- [The input]
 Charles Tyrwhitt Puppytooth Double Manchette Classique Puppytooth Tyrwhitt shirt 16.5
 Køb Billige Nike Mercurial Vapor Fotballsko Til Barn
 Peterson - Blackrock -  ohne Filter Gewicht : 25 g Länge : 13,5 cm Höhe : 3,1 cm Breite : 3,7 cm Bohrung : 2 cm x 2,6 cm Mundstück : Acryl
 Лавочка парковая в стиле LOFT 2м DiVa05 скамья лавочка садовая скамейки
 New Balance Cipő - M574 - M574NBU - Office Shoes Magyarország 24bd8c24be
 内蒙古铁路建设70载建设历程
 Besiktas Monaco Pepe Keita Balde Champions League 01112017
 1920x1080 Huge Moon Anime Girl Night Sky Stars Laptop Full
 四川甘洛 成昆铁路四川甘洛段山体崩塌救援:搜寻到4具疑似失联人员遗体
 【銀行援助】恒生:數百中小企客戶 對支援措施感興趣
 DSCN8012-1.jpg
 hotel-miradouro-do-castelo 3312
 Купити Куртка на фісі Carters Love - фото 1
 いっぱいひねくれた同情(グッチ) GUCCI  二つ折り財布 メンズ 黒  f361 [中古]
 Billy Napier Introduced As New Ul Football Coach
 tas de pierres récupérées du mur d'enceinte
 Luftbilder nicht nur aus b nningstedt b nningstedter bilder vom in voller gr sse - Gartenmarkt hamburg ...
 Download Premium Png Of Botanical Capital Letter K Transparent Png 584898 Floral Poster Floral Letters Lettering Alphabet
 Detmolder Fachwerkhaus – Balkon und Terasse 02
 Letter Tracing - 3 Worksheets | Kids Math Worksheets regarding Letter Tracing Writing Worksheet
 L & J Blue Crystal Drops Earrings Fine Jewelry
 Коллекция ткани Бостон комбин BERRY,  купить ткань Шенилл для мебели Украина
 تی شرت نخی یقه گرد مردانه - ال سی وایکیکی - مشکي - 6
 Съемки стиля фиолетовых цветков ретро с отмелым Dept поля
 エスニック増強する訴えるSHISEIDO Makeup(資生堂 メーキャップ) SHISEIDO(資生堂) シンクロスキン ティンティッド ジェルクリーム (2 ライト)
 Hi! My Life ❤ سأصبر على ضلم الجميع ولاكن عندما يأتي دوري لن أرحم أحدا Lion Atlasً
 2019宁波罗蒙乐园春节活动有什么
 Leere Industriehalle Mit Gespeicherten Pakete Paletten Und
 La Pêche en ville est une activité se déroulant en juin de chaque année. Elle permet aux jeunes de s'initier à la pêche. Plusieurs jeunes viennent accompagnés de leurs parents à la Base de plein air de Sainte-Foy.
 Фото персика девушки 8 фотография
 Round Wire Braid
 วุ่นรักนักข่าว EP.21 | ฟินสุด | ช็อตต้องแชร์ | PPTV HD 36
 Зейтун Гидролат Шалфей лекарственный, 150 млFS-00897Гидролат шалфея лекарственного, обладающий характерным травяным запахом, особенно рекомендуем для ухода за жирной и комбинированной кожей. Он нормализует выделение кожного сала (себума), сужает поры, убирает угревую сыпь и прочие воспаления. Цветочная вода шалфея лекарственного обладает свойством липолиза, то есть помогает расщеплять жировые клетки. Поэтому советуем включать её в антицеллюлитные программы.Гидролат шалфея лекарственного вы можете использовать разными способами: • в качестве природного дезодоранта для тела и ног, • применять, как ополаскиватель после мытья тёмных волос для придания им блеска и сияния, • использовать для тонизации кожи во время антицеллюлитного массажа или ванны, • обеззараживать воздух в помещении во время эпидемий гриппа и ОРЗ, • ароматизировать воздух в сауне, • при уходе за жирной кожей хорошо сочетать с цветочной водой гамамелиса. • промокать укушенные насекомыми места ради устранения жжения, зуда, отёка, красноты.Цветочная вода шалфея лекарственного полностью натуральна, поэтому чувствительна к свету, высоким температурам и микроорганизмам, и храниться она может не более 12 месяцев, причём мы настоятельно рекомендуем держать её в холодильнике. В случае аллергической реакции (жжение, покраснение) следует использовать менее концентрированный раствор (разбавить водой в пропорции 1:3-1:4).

- [Task item] Return the records in full. Omit nothing.

- [Response]
 Charles Tyrwhitt Puppytooth Double Manchette Classique Puppytooth Tyrwhitt shirt 16.5
 Køb Billige Nike Mercurial Vapor Fotballsko Til Barn
 Peterson - Blackrock -  ohne Filter Gewicht : 25 g Länge : 13,5 cm Höhe : 3,1 cm Breite : 3,7 cm Bohrung : 2 cm x 2,6 cm Mundstück : Acryl
 Лавочка парковая в стиле LOFT 2м DiVa05 скамья лавочка садовая скамейки
 New Balance Cipő - M574 - M574NBU - Office Shoes Magyarország 24bd8c24be
 内蒙古铁路建设70载建设历程
 Besiktas Monaco Pepe Keita Balde Champions League 01112017
 1920x1080 Huge Moon Anime Girl Night Sky Stars Laptop Full
 四川甘洛 成昆铁路四川甘洛段山体崩塌救援:搜寻到4具疑似失联人员遗体
 【銀行援助】恒生:數百中小企客戶 對支援措施感興趣
 DSCN8012-1.jpg
 hotel-miradouro-do-castelo 3312
 Купити Куртка на фісі Carters Love - фото 1
 いっぱいひねくれた同情(グッチ) GUCCI  二つ折り財布 メンズ 黒  f361 [中古]
 Billy Napier Introduced As New Ul Football Coach
 tas de pierres récupérées du mur d'enceinte
 Luftbilder nicht nur aus b nningstedt b nningstedter bilder vom in voller gr sse - Gartenmarkt hamburg ...
 Download Premium Png Of Botanical Capital Letter K Transparent Png 584898 Floral Poster Floral Letters Lettering Alphabet
 Detmolder Fachwerkhaus – Balkon und Terasse 02
 Letter Tracing - 3 Worksheets | Kids Math Worksheets regarding Letter Tracing Writing Worksheet
 L & J Blue Crystal Drops Earrings Fine Jewelry
 Коллекция ткани Бостон комбин BERRY,  купить ткань Шенилл для мебели Украина
 تی شرت نخی یقه گرد مردانه - ال سی وایکیکی - مشکي - 6
 Съемки стиля фиолетовых цветков ретро с отмелым Dept поля
 エスニック増強する訴えるSHISEIDO Makeup(資生堂 メーキャップ) SHISEIDO(資生堂) シンクロスキン ティンティッド ジェルクリーム (2 ライト)
 Hi! My Life ❤ سأصبر على ضلم الجميع ولاكن عندما يأتي دوري لن أرحم أحدا Lion Atlasً
 2019宁波罗蒙乐园春节活动有什么
 Leere Industriehalle Mit Gespeicherten Pakete Paletten Und
 La Pêche en ville est une activité se déroulant en juin de chaque année. Elle permet aux jeunes de s'initier à la pêche. Plusieurs jeunes viennent accompagnés de leurs parents à la Base de plein air de Sainte-Foy.
 Фото персика девушки 8 фотография
 Round Wire Braid
 วุ่นรักนักข่าว EP.21 | ฟินสุด | ช็อตต้องแชร์ | PPTV HD 36
 Зейтун Гидролат Шалфей лекарственный, 150 млFS-00897Гидролат шалфея лекарственного, обладающий характерным травяным запахом, особенно рекомендуем для ухода за жирной и комбинированной кожей. Он нормализует выделение кожного сала (себума), сужает поры, убирает угревую сыпь и прочие воспаления. Цветочная вода шалфея лекарственного обладает свойством липолиза, то есть помогает расщеплять жировые клетки. Поэтому советуем включать её в антицеллюлитные программы.Гидролат шалфея лекарственного вы можете использовать разными способами: • в качестве природного дезодоранта для тела и ног, • применять, как ополаскиватель после мытья тёмных волос для придания им блеска и сияния, • использовать для тонизации кожи во время антицеллюлитного массажа или ванны, • обеззараживать воздух в помещении во время эпидемий гриппа и ОРЗ, • ароматизировать воздух в сауне, • при уходе за жирной кожей хорошо сочетать с цветочной водой гамамелиса. • промокать укушенные насекомыми места ради устранения жжения, зуда, отёка, красноты.Цветочная вода шалфея лекарственного полностью натуральна, поэтому чувствительна к свету, высоким температурам и микроорганизмам, и храниться она может не более 12 месяцев, причём мы настоятельно рекомендуем держать её в холодильнике. В случае аллергической реакции (жжение, покраснение) следует использовать менее концентрированный раствор (разбавить водой в пропорции 1:3-1:4).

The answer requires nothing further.